DATASET SECTION Start Marker
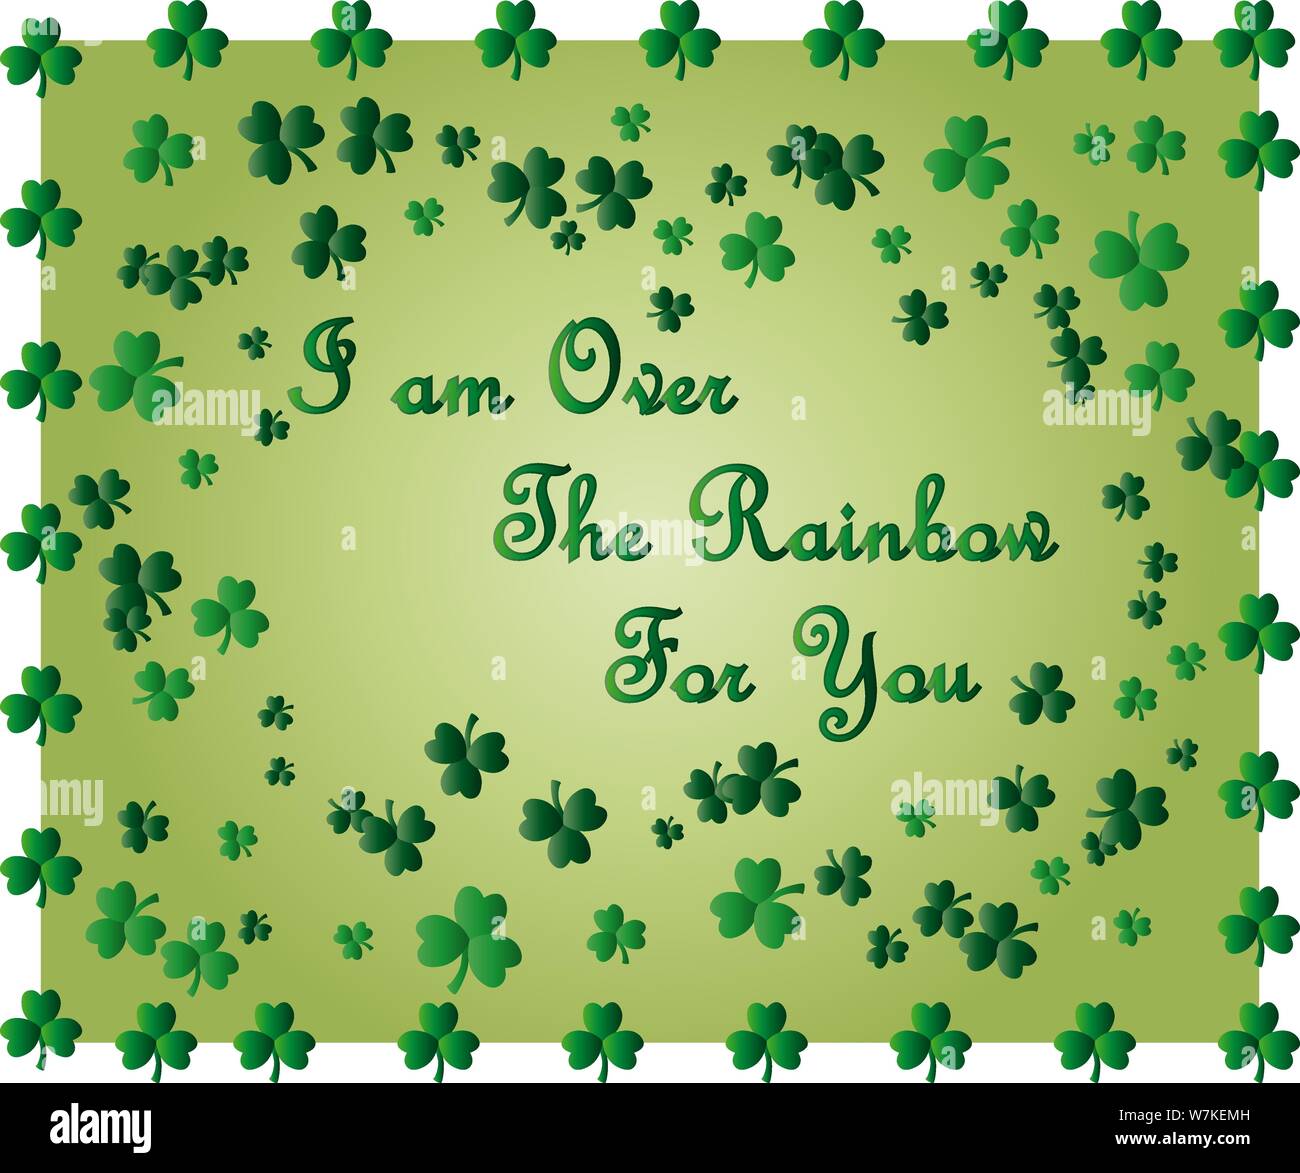 Saint Patrick's Day Greeting card avec les feuilles de trèfle vert étincelaient et texte. Inscription - J'ai plus l'Arc en Ciel pour vous Illustration de Vecteur
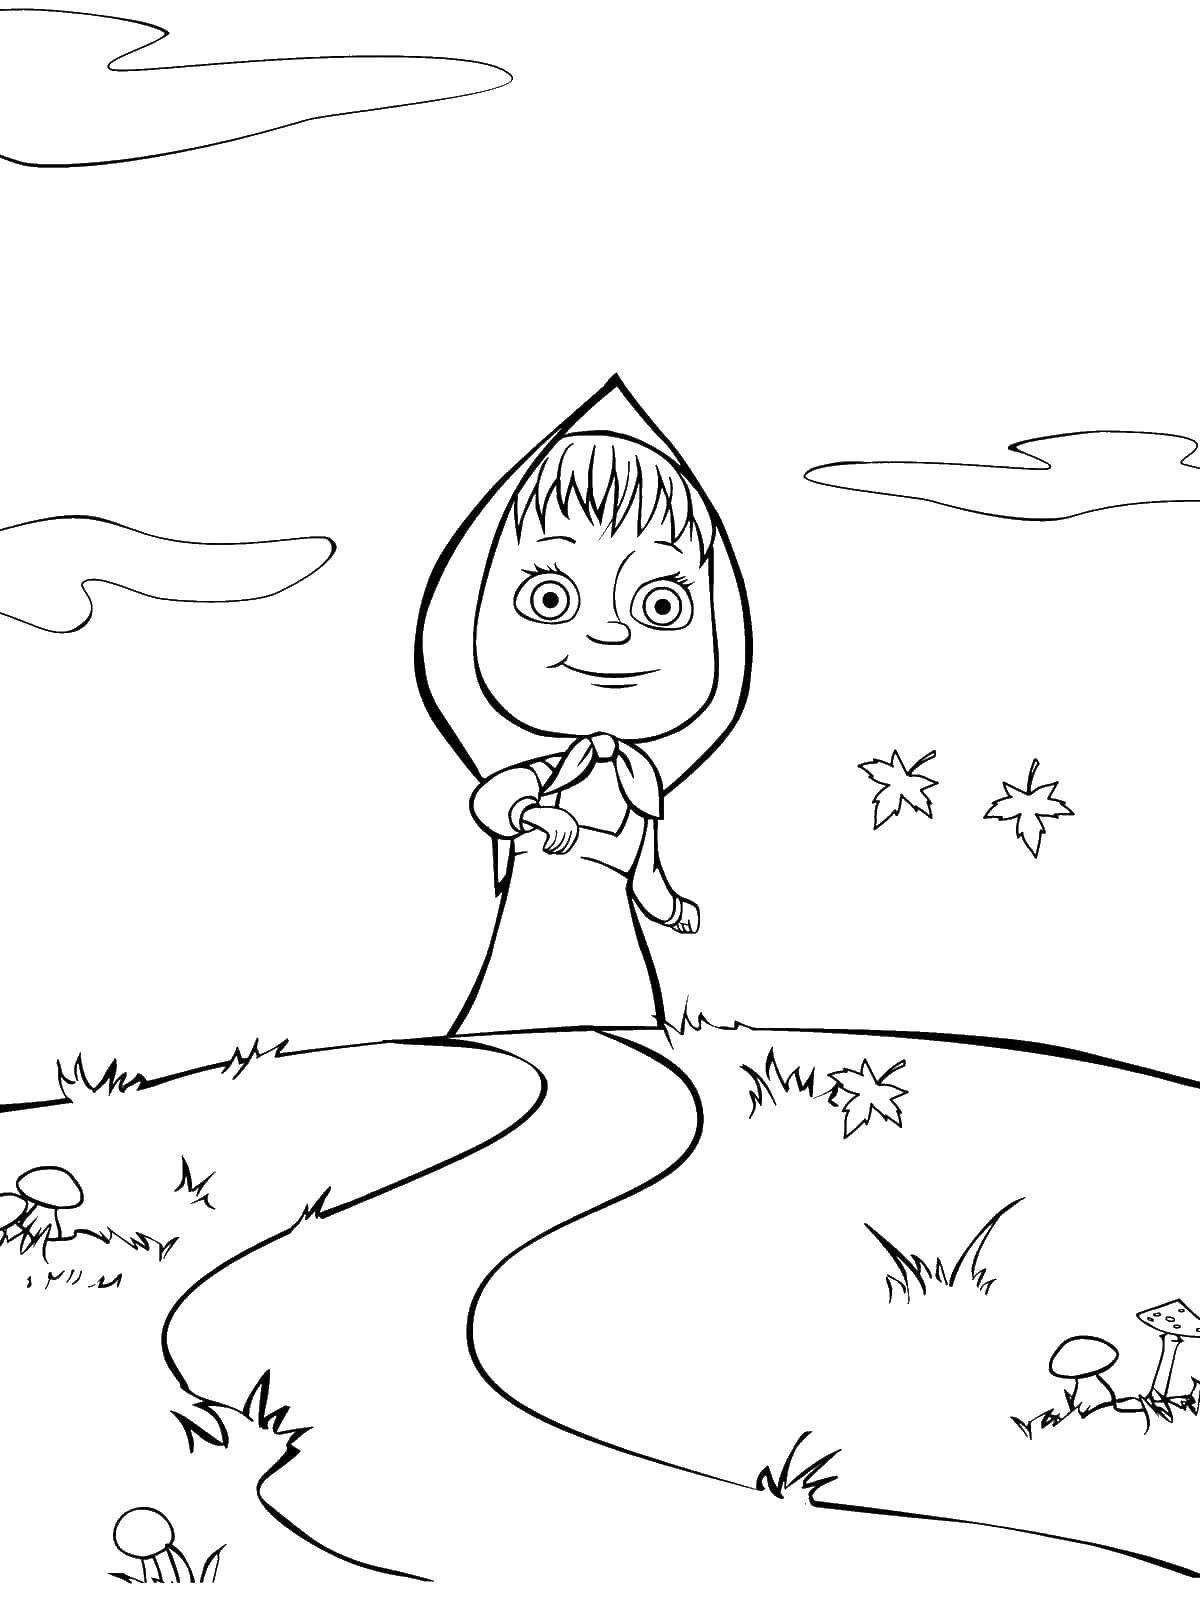 Раскраски для детей про озорную Машу из мультфильма Маша и медведь  Маша идет по полю
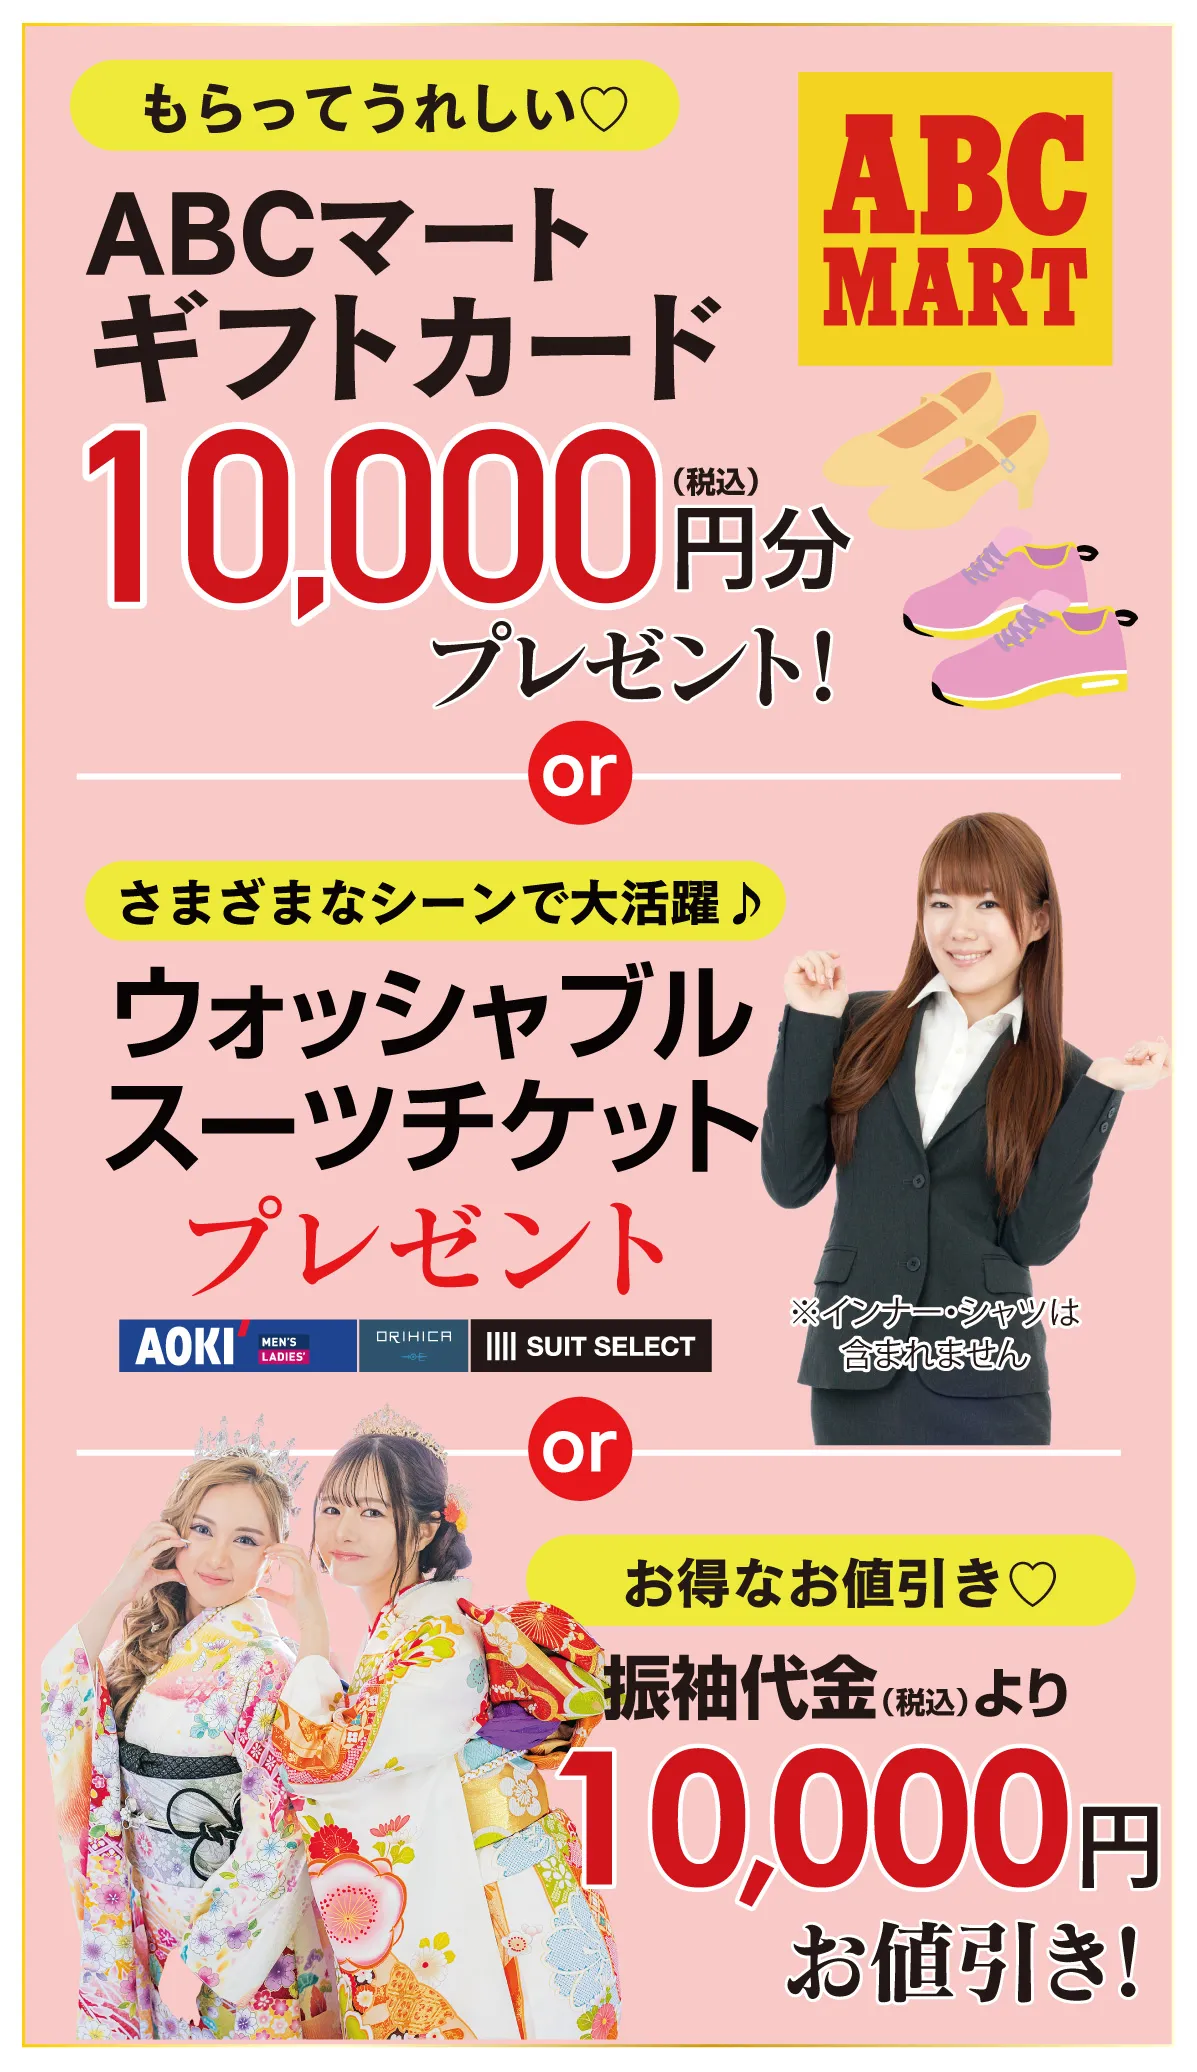 ABCギフト件 or 2万円引き
DATASET SECTION End Marker
ACTION ITEM » All the lines above must be written out exactly, without a single picture.

COMPLETED TASK »
 Saint Patrick's Day Greeting card avec les feuilles de trèfle vert étincelaient et texte. Inscription - J'ai plus l'Arc en Ciel pour vous Illustration de Vecteur
 Раскраски для детей про озорную Машу из мультфильма Маша и медведь  Маша идет по полю
 ABCギフト件 or 2万円引き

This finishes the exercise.